##### DATA SECTION

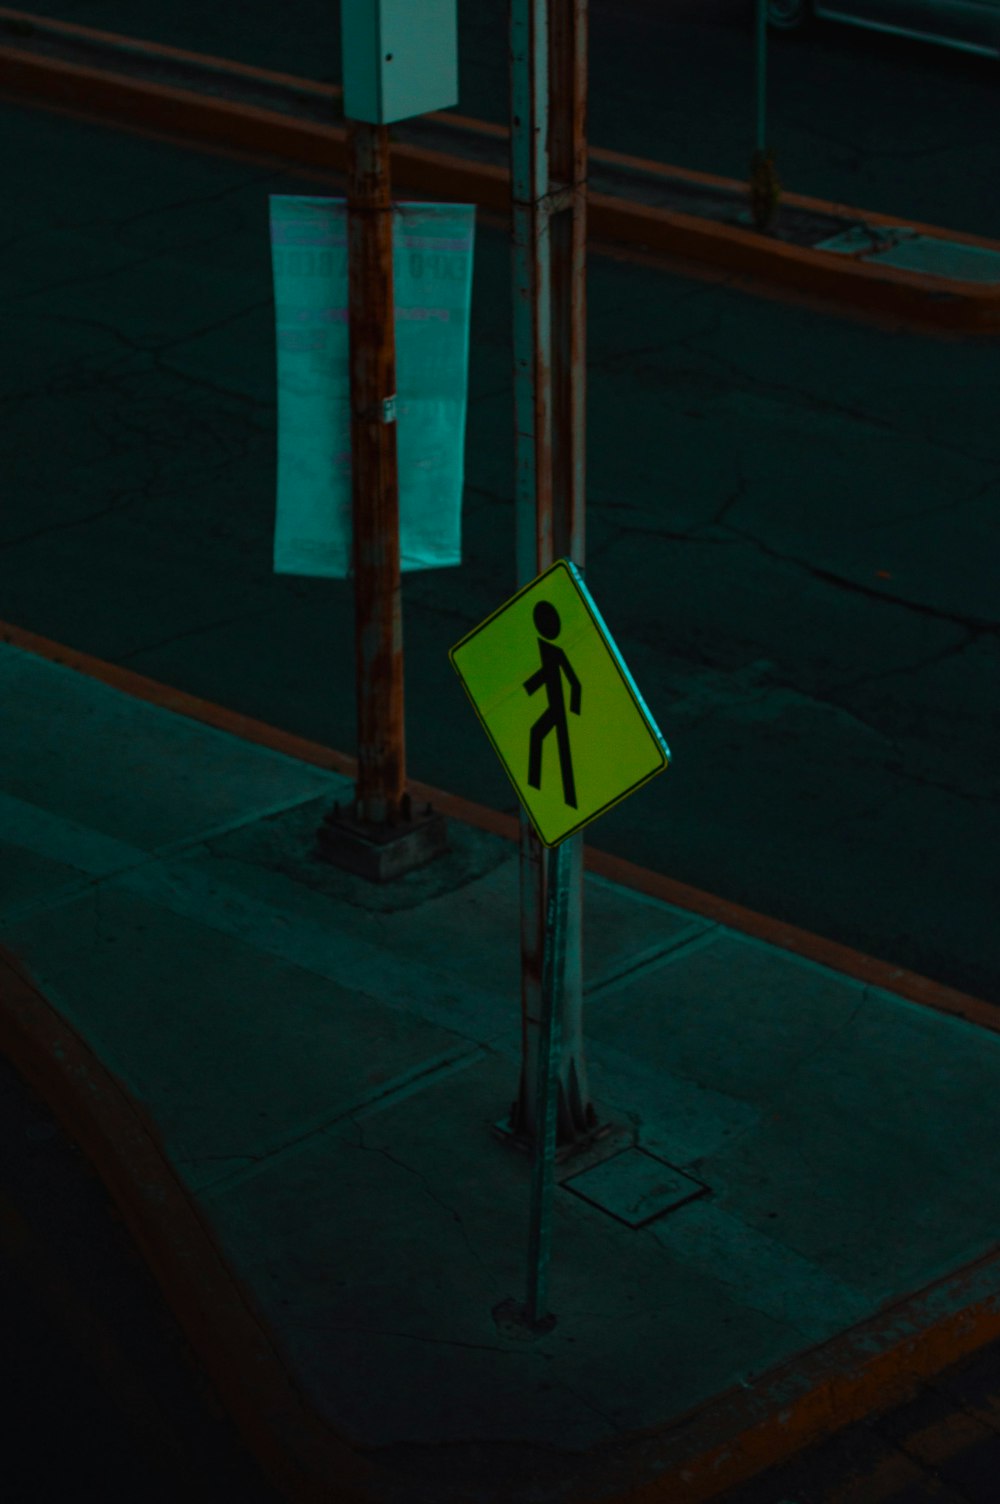 um sinal de travessia de pedestres em uma rua da cidade
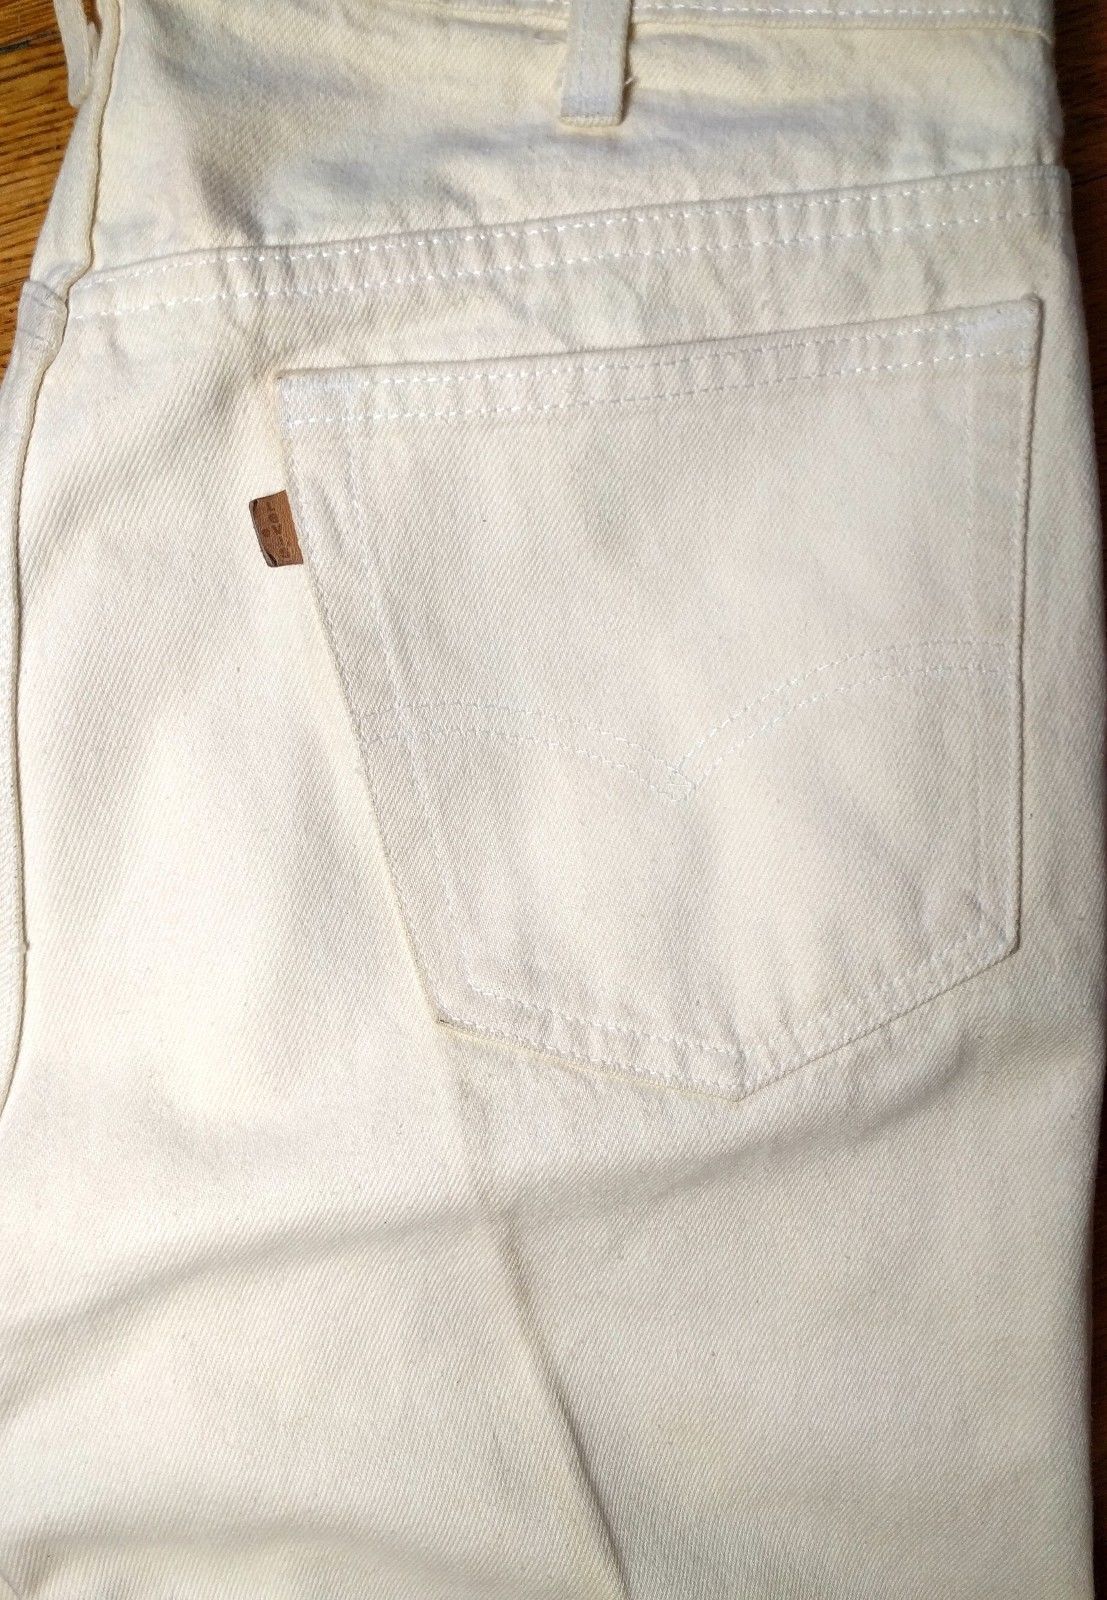 levi's two horse brand khaki pants
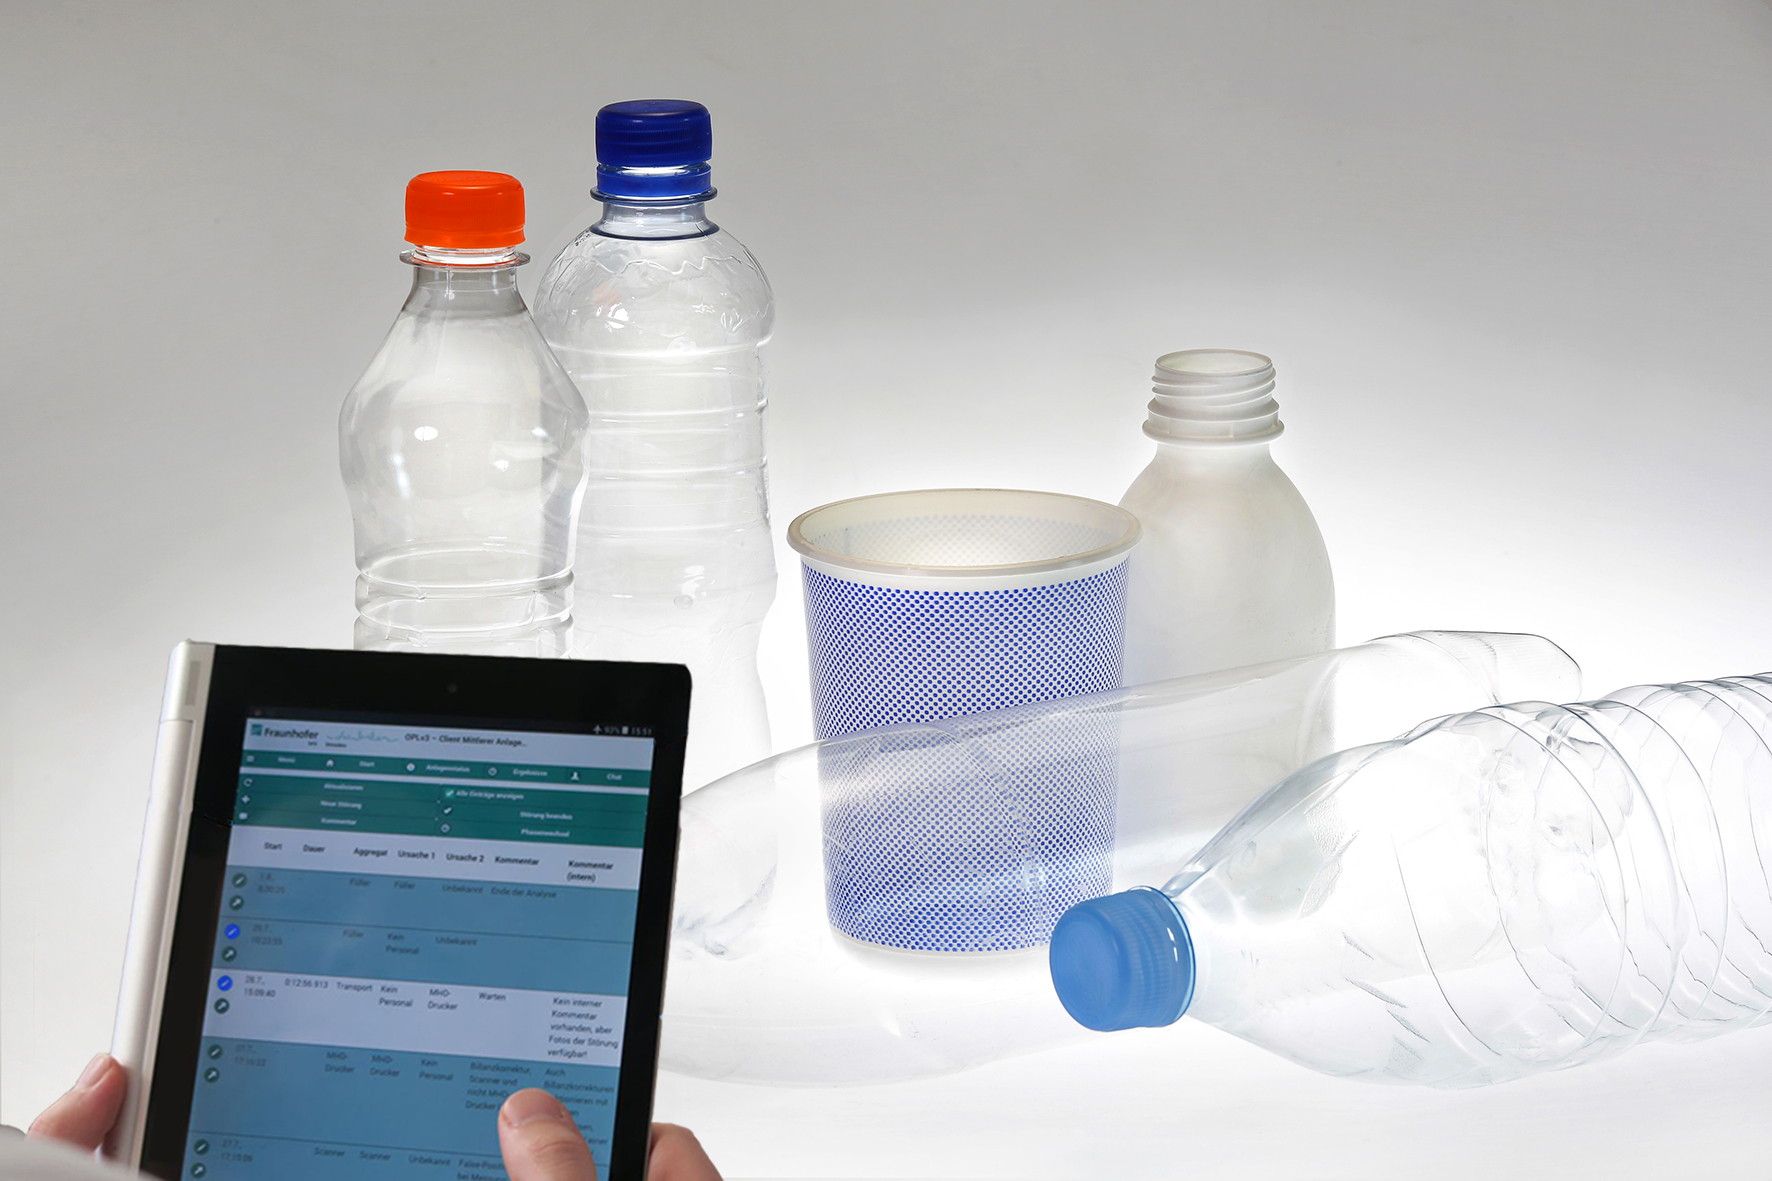 Einige Plastikflaschen stehen in einem weißen Raum, im Vordergrund bedient eine Person ein Tablet, welches Daten zu verarbeiten scheint. (C) Fraunhofer IVV
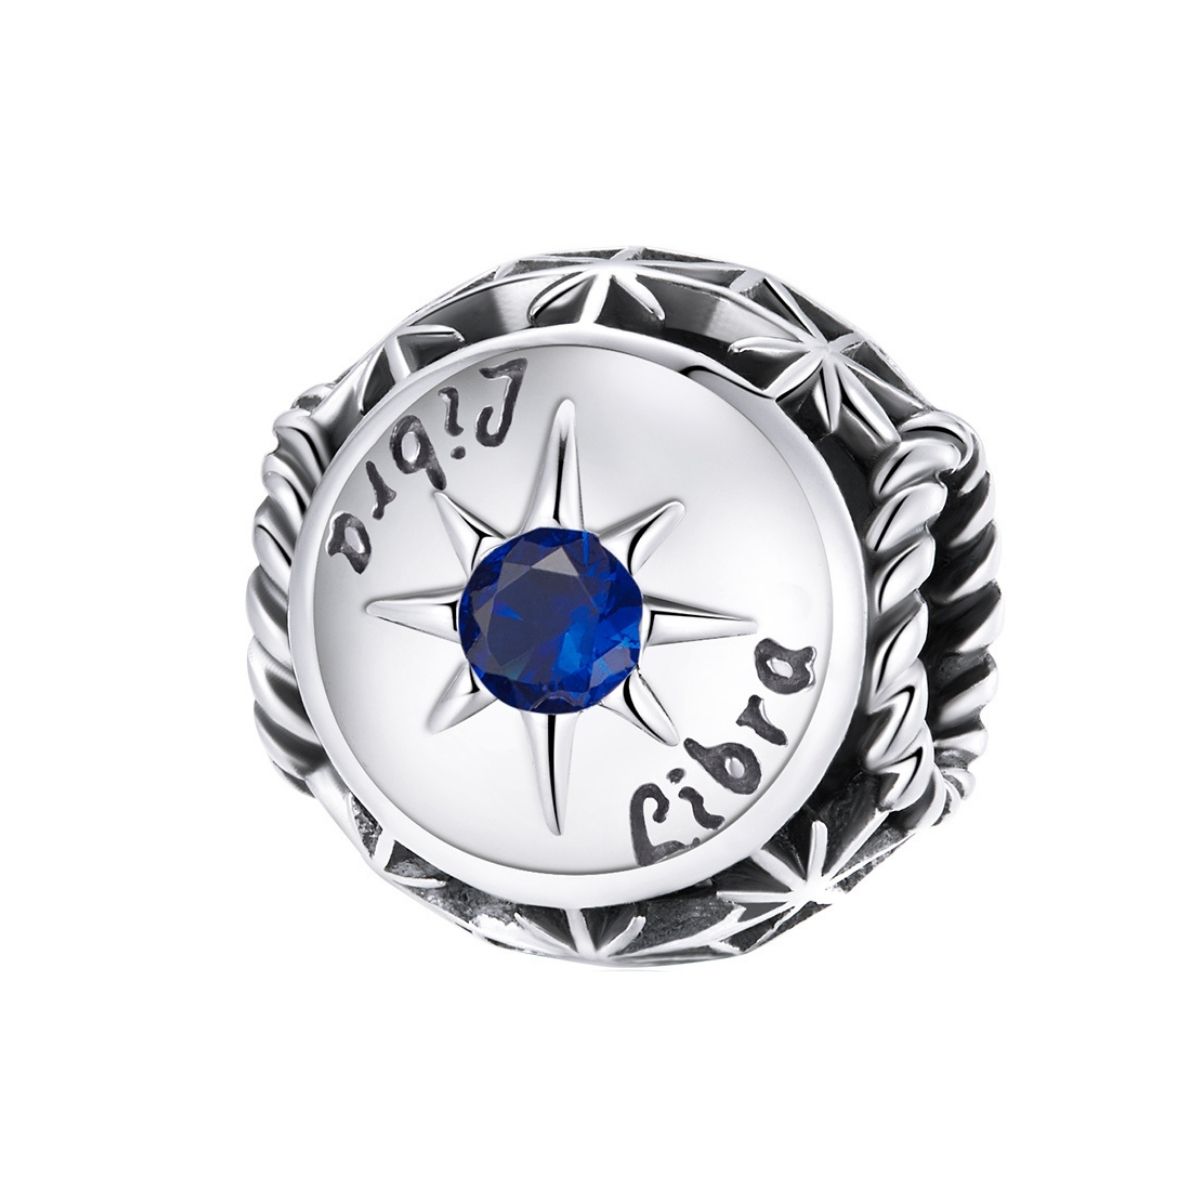 Sterrenbeeld weegschaal bedel met donker blauwe zirkonia steen  zodiac libra bead  Zilverana  geschikt voor Biagi , Pandora , Trollbeads armband  925 zilver

##########

■ TASK OBJECTIVE:
Leave out the pictures and give the listing above again exactly.

■ WRITTEN ANSWER:
 um sinal de travessia de pedestres em uma rua da cidade
 levi's two horse brand khaki pants
 Einige Plastikflaschen stehen in einem weißen Raum, im Vordergrund bedient eine Person ein Tablet, welches Daten zu verarbeiten scheint. (C) Fraunhofer IVV
 Sterrenbeeld weegschaal bedel met donker blauwe zirkonia steen  zodiac libra bead  Zilverana  geschikt voor Biagi , Pandora , Trollbeads armband  925 zilver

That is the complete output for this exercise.